There's a certain mindset out there that a match can't be good if it's less than a certain amount of time. While it's true in some cases that a match needs to be given a proper amount of time, not everything has to meet some mythical threshhold of time in order to be considered "good". It's true I said that they didn't give Evan Bourne and Jack Swagger enough time last night, but within the context of that match, they probably could have used a few more minutes. It felt like the two just traded a few spots, had a pretty good finish tacked on and that was it. It felt like it could have been fleshed out a bit more, that if Swagger was going to strongman his way to victory after a flurry of offense on Bourne, he should have had a few more minutes of high-impact offense.
However, they had a match during Beat the Clock and then another one after that that were both short, but once again, worked with the time given. In the first match, we saw Swagger cruising to a win until Bourne shocked him out of nowhere with the flash pin, ruining Swagger's chances at facing Randy Orton at SummerSlam. The next match they had, Swagger was piiissed and worked a glorified squash on Bourne, which was a cog in Swagger's short-lived and ill-fated feud with MVP. Neither match needed to be long, but both matches were great and put across what they needed to put across.

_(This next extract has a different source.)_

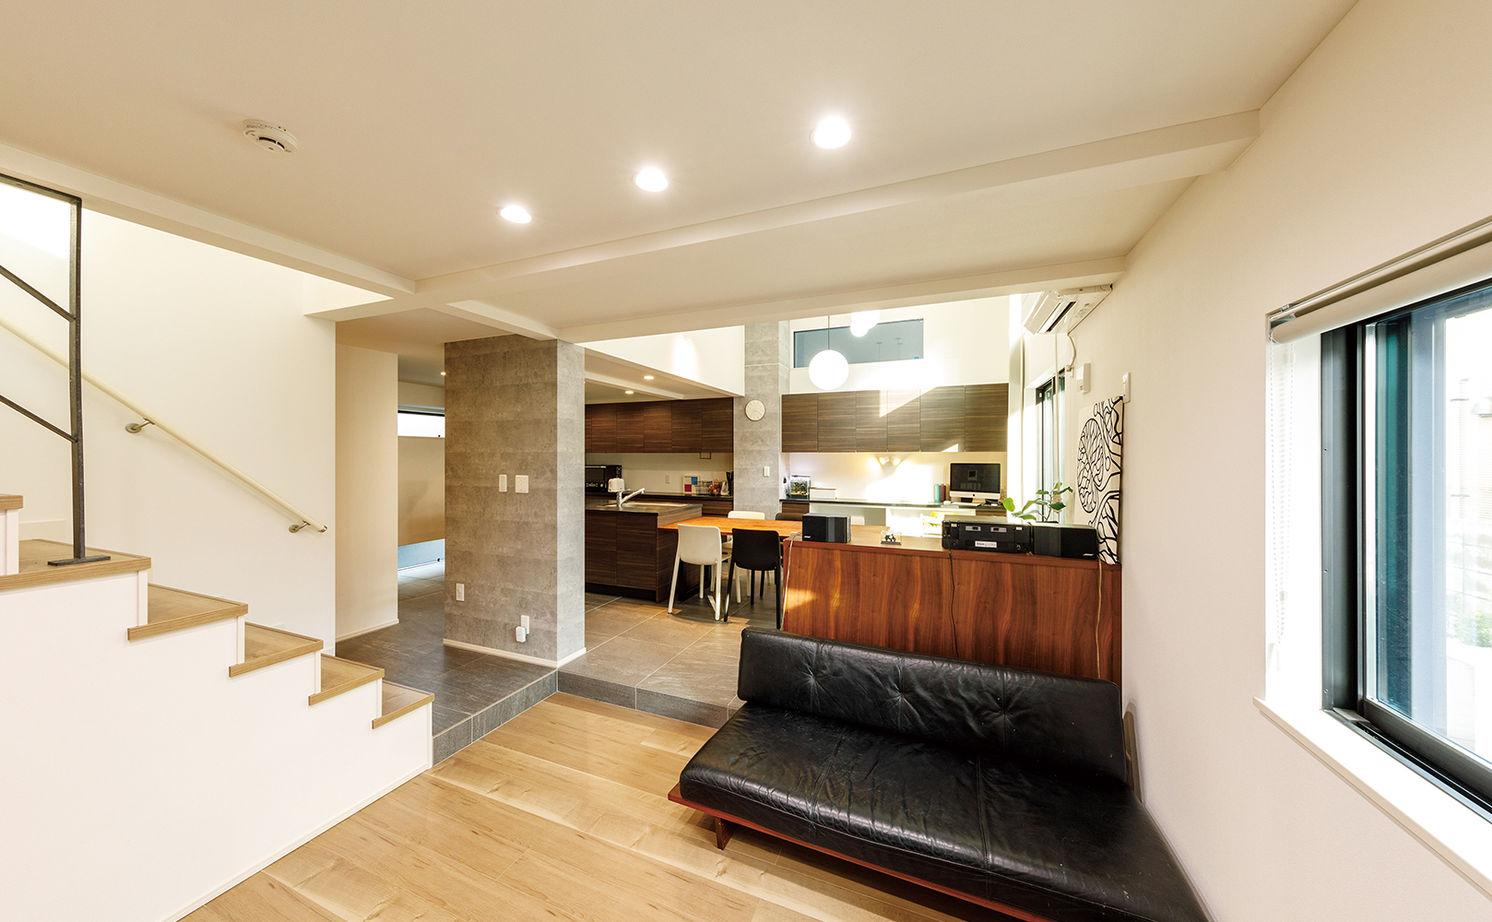 【3100万円】空間にメリハリを生む段差のある住まい。屋上や床下大収納も実現画像3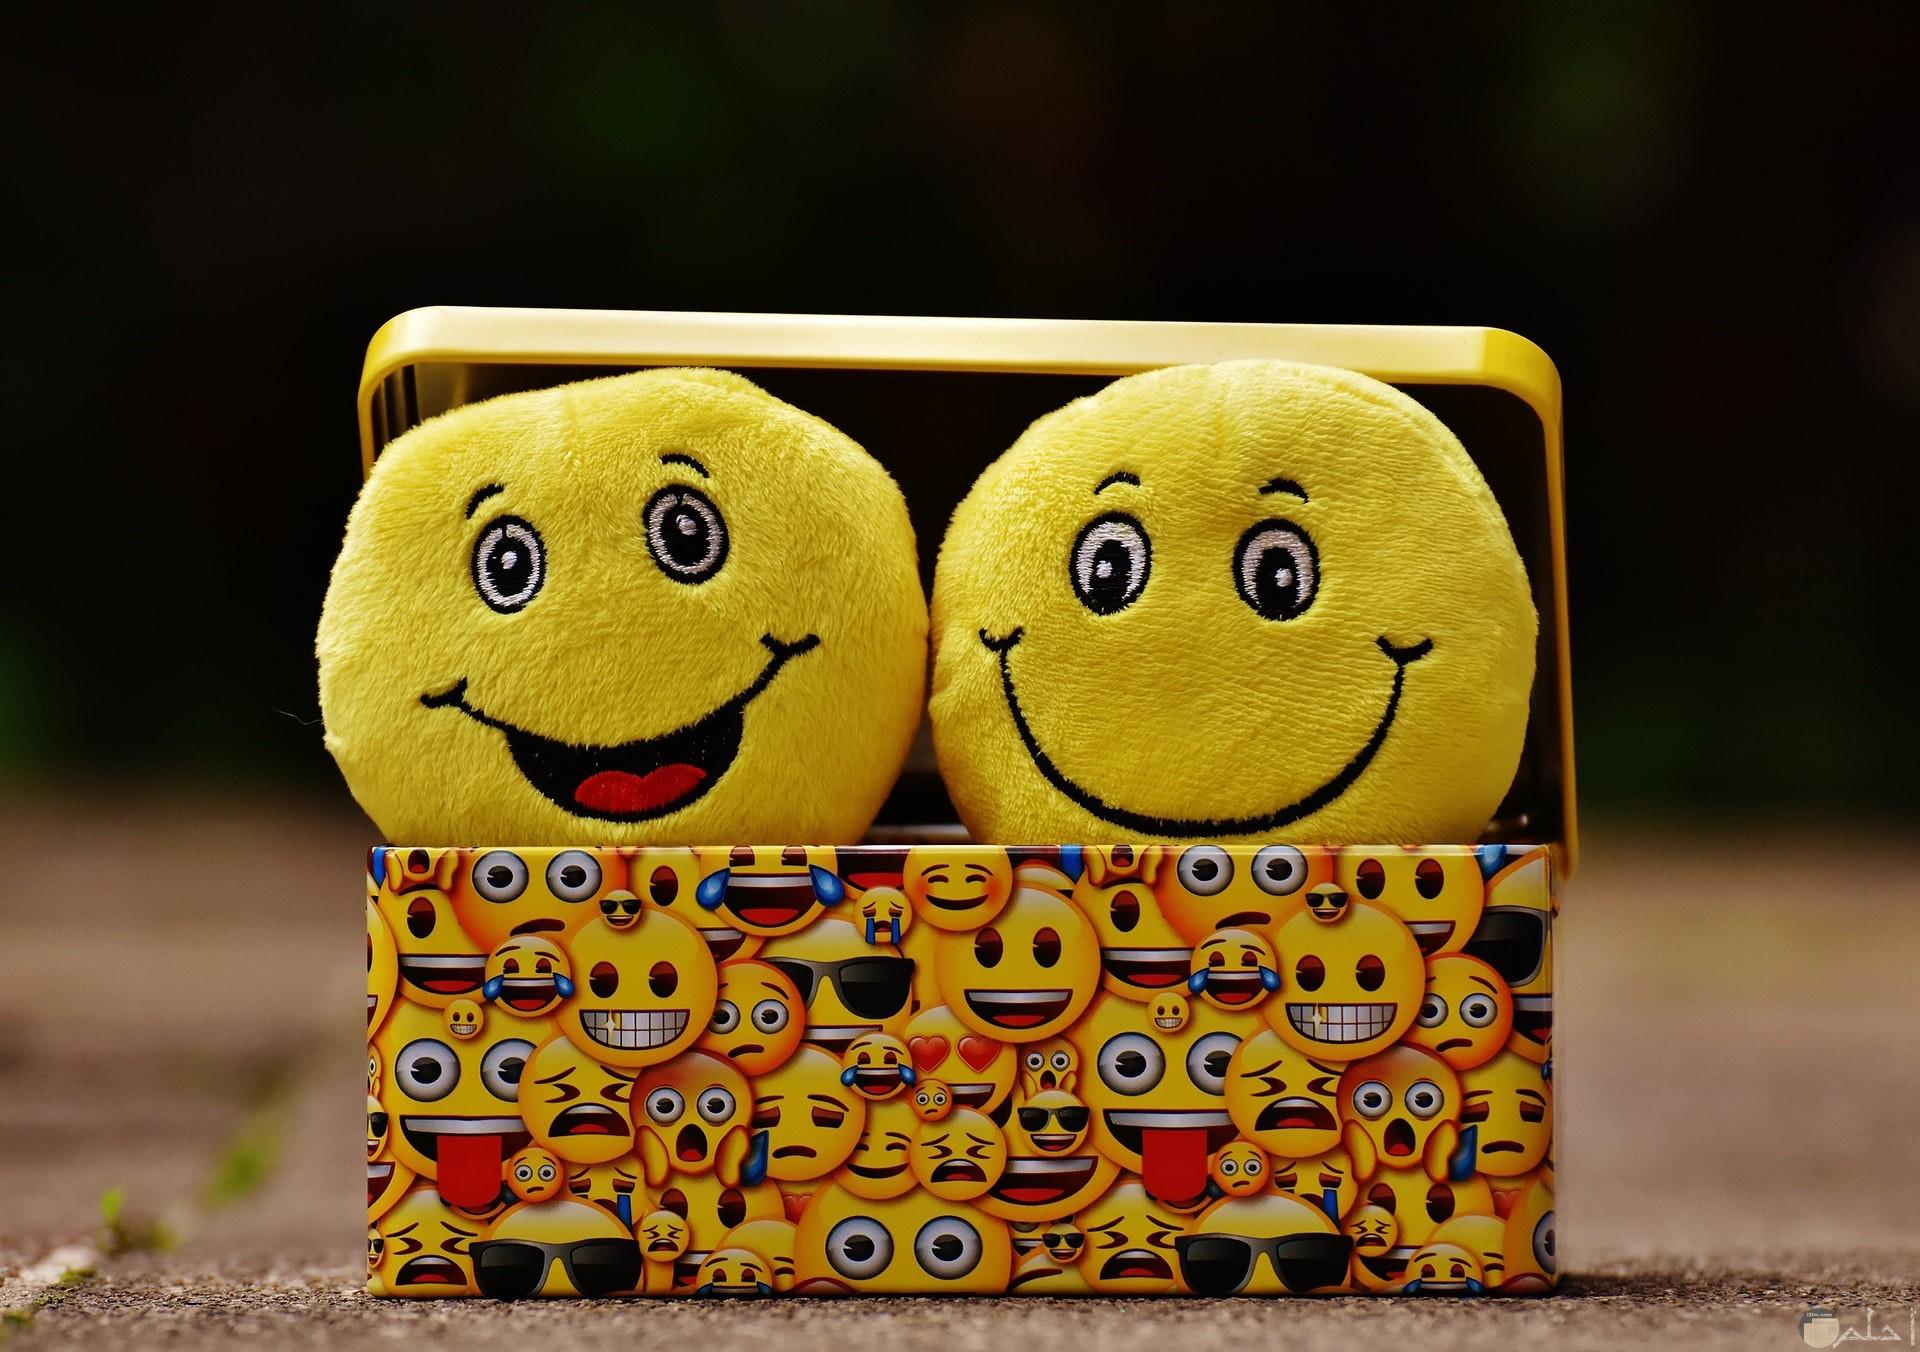 صورة جميلة لمجموعة الإيموجي المختلفة مجتمعة معا علي الصندوق وداخل الصندوق إتنين إيموجي مبتسم وضاحك

Economy of time is a wonderful thing when it comes to wrestling. If you can tell a story and leave the audience wowed in 15 minutes instead of 30, or even 5 instead of 15, it will leave a more salient mark on the viewer, and as a bonus, it leaves more time for other things on the show, stuff like promos, other matches or brawling-type angles.
And besides, nothing is worse than a match that drags on for far too long. For example, the awful Rosa Mendes/Mickie James match from last night. Mickie is awesome, but she's not to the point where she can carry a stiff like Mendes to a watchable match, especially when Mendes is blowing spot after spot. After the first flub, they should have called an audible and just ended the match right there. But since Mickie probably isn't savvy enough to do that, it just dragged on according to script. And dragged on some more. And kept dragging and dragging until the point where it felt like a weight was lifted off the collective shoulders of the audience and viewing public at home.
The best thing to ask yourself after a match is whether you were satisfied with it. If you were, odds are it probably didn't need more time. While it's nice to have PPV-quality matches on free TV, and while the WWE does give them to us more often than people realize, it's nice to see a good short match that advances something and keeps the audience on its toes.